Programme for Pharmacy, Faculty of Health Sciences, Oslo Metropolitan University, Oslo, Norway; The National Center for Epilepsy, Oslo University Hospital, Oslo, Norway; Department of Pharmacology, Section for Clinical Pharmacology, The National Center for Epilepsy, Oslo University Hospital, Oslo, Norway.
Programme for Pharmacy, Faculty of Health Sciences, Oslo Metropolitan University, Oslo, Norway.
Epilepsy Behav. 2019 Sep;98(Pt A):110-116. doi: 10.1016/j.yebeh.2019.05.021. Epub 2019 Jul 19.
Patients with juvenile myoclonic epilepsy (JME) may have uncontrolled seizures. The purpose of this study was to investigate the use and challenges with antiepileptic drugs (AEDs) and the patients' view of these challenges.
A questionnaire about the use of AEDs, adherence to therapy, and quality of life was given to patients with JME recruited from Drammen Hospital. Data regarding AEDs were confirmed from medical records at Drammen Hospital, Norway (2007-2018). Additional clinical interviews were performed, and a mixed method approach was applied.

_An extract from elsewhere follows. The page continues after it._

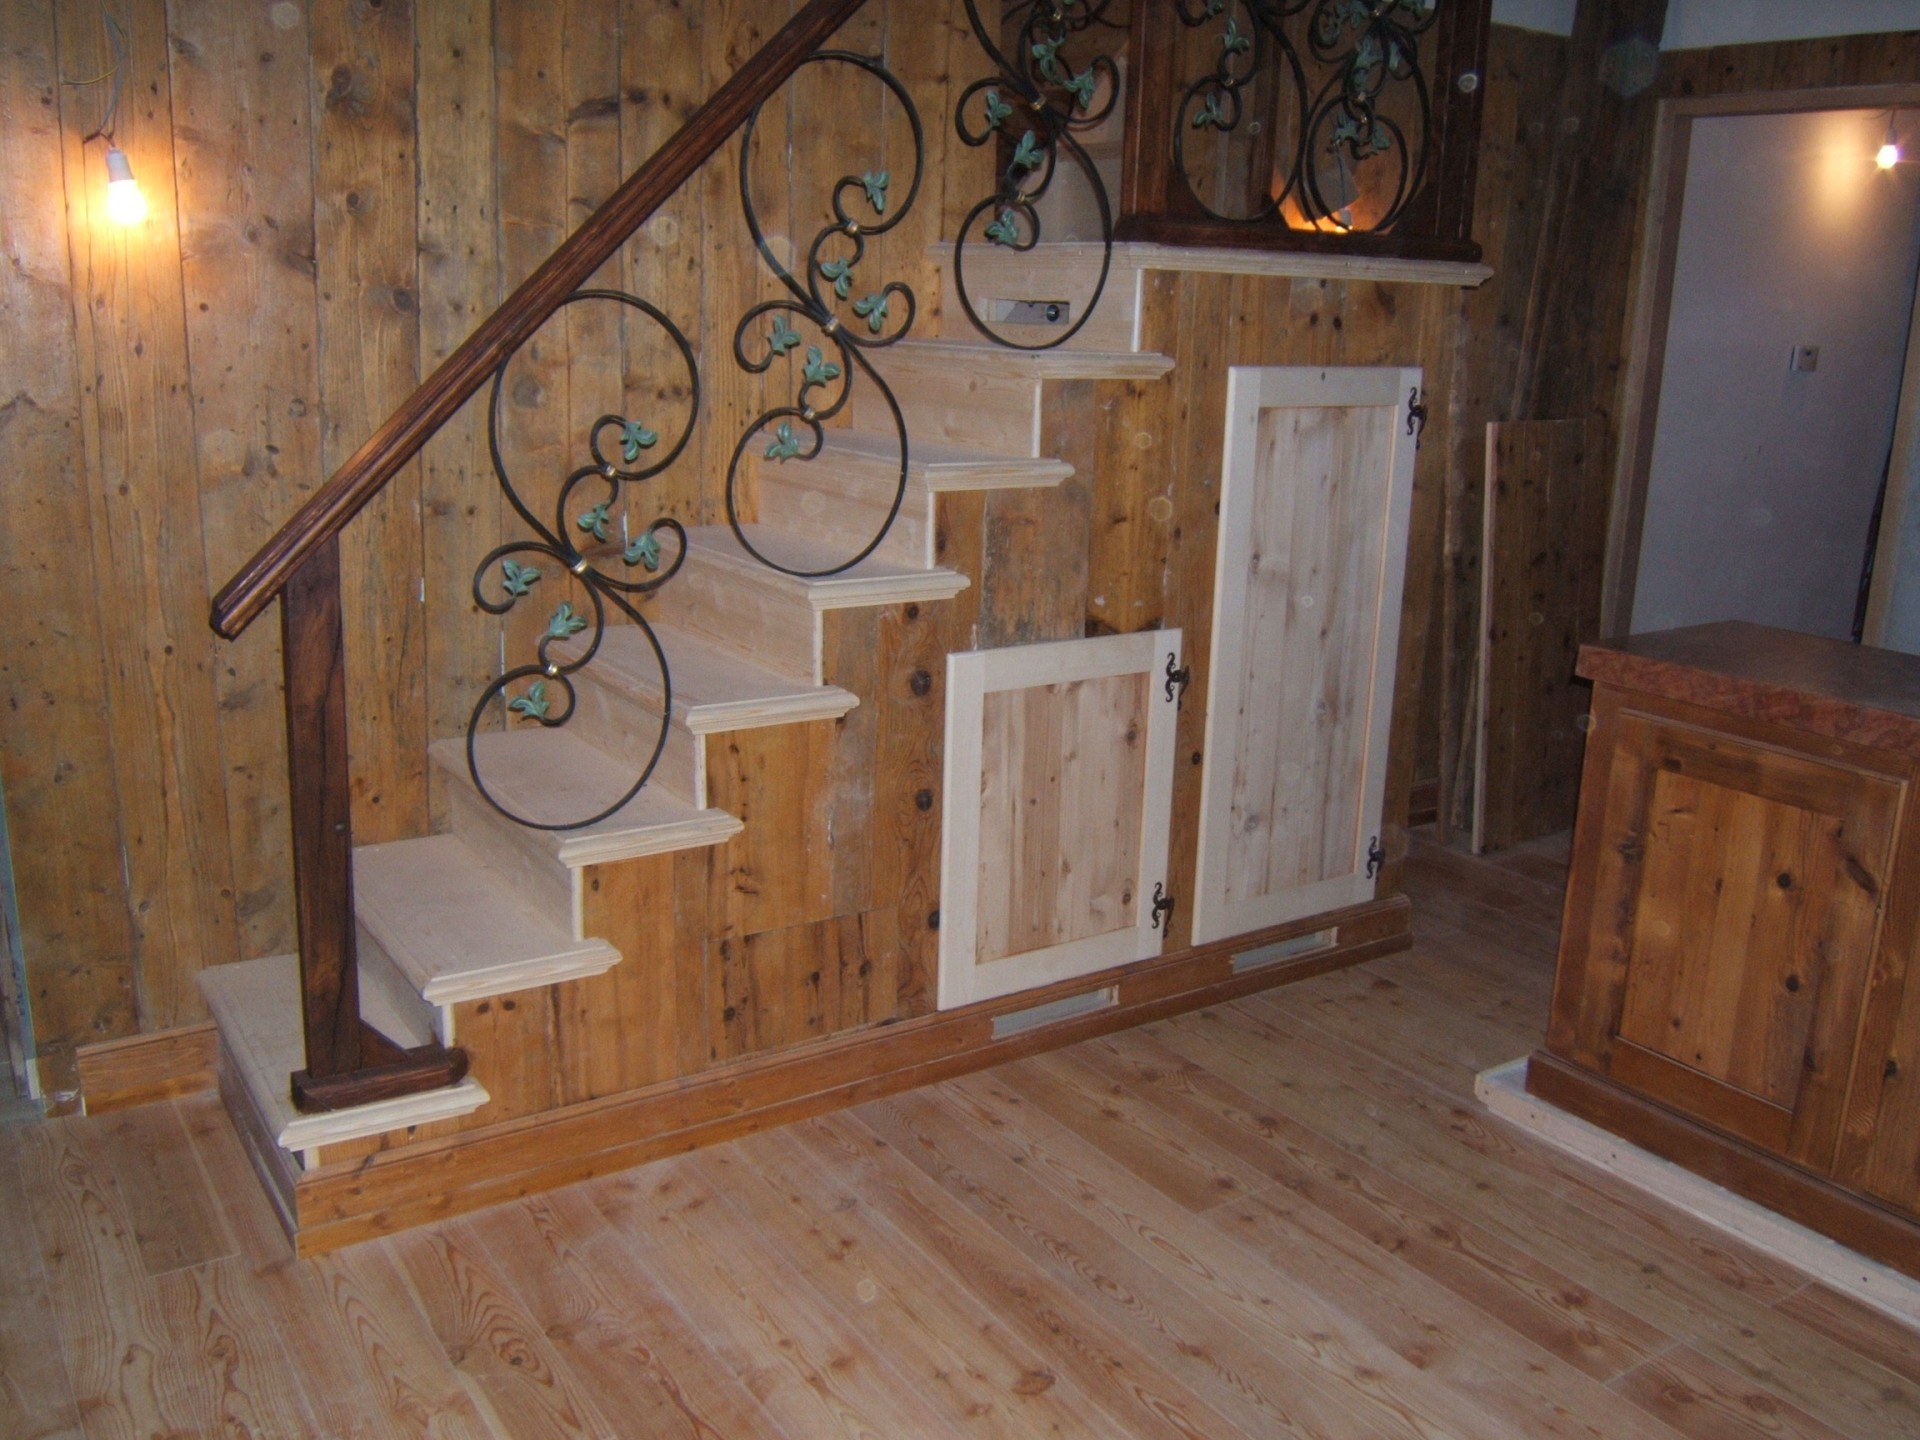 Arredamento rustico per taverna

Ninety patients with defined JME diagnosis, 54/36 women/men aged 14-39 (mean: 25) years, were included. Only 29 (33%) were seizure-free. Within the last year, 21% experienced generalized tonic-clonic seizures (GTCS), and 68% had myoclonic jerks. Seventy-six (84%) used AEDs, 78% in monotherapy. A total of 10 AEDs were used;: most commonly valproate (n = 33), lamotrigine (n = 27), and levetiracetam (n = 21). Two-thirds of valproate users were men while all other AEDs were used more in females than in men. Valproate and levetiracetam displayed better efficacy against GTCS than lamotrigine. One-third often/sometimes forgot their medication nonintentionally while 14% had intentional poor adherence. The majority reported good quality of life (76%). No significant correlations between the use of AEDs, use of valproate, poor adherence, quality of life score, and seizure freedom were demonstrated. Half of the patients had serum concentrations measured every year, and two-thirds thought this was important. Qualitative interviews elucidated treatment challenges in JME;, adverse effect burden, adherence, and activities of daily life.
Despite the use of AEDs in the majority of patients, only one-third were seizure-free. Other challenges included polypharmacy, the use of valproate in women, and variable adherence. This points to a need for closer follow-up in patients with JME.
青少年肌阵挛癫痫(JME)患者可能会出现癫痫发作不受控制的情况。本研究旨在调查抗癫痫药物(AEDs)的使用情况和面临的挑战,以及患者对这些挑战的看法。
对在德拉门医院招募的 JME 患者进行了关于 AED 使用、治疗依从性和生活质量的问卷调查。挪威德拉门医院(2007-2018 年)的病历中确认了有关 AED 的数据。此外还进行了额外的临床访谈,并应用了混合方法。
共纳入了 90 名明确诊断为 JME 的患者,其中 54 名/36 名女性/男性,年龄 14-39(平均:25)岁。只有 29 名(33%)患者无癫痫发作。在过去的一年中,21%的患者经历过全面强直阵挛发作(GTCS),68%的患者出现过肌阵挛性抽搐。76%(84%)的患者使用了 AED,78%的患者采用单药治疗。共使用了 10 种 AED:最常用的是丙戊酸钠(n=33)、拉莫三嗪(n=27)和左乙拉西坦(n=21)。丙戊酸钠的使用者中有三分之二为男性,而其他 AED 的使用者中女性多于男性。丙戊酸钠和左乙拉西坦对 GTCS 的疗效优于拉莫三嗪。三分之一的患者经常/有时非故意忘记服药,而 14%的患者故意不依从。大多数患者报告生活质量良好(76%)。AED 的使用、丙戊酸钠的使用、依从性差、生活质量评分和癫痫无发作之间未显示出显著相关性。一半的患者每年测量血清浓度,三分之二的患者认为这很重要。定性访谈阐明了 JME 治疗中的挑战,包括不良反应负担、依从性和日常生活活动。
尽管大多数患者使用了 AED,但只有三分之一的患者无癫痫发作。其他挑战包括多药治疗、女性使用丙戊酸钠和不同程度的依从性。这表明 JME 患者需要更密切的随访。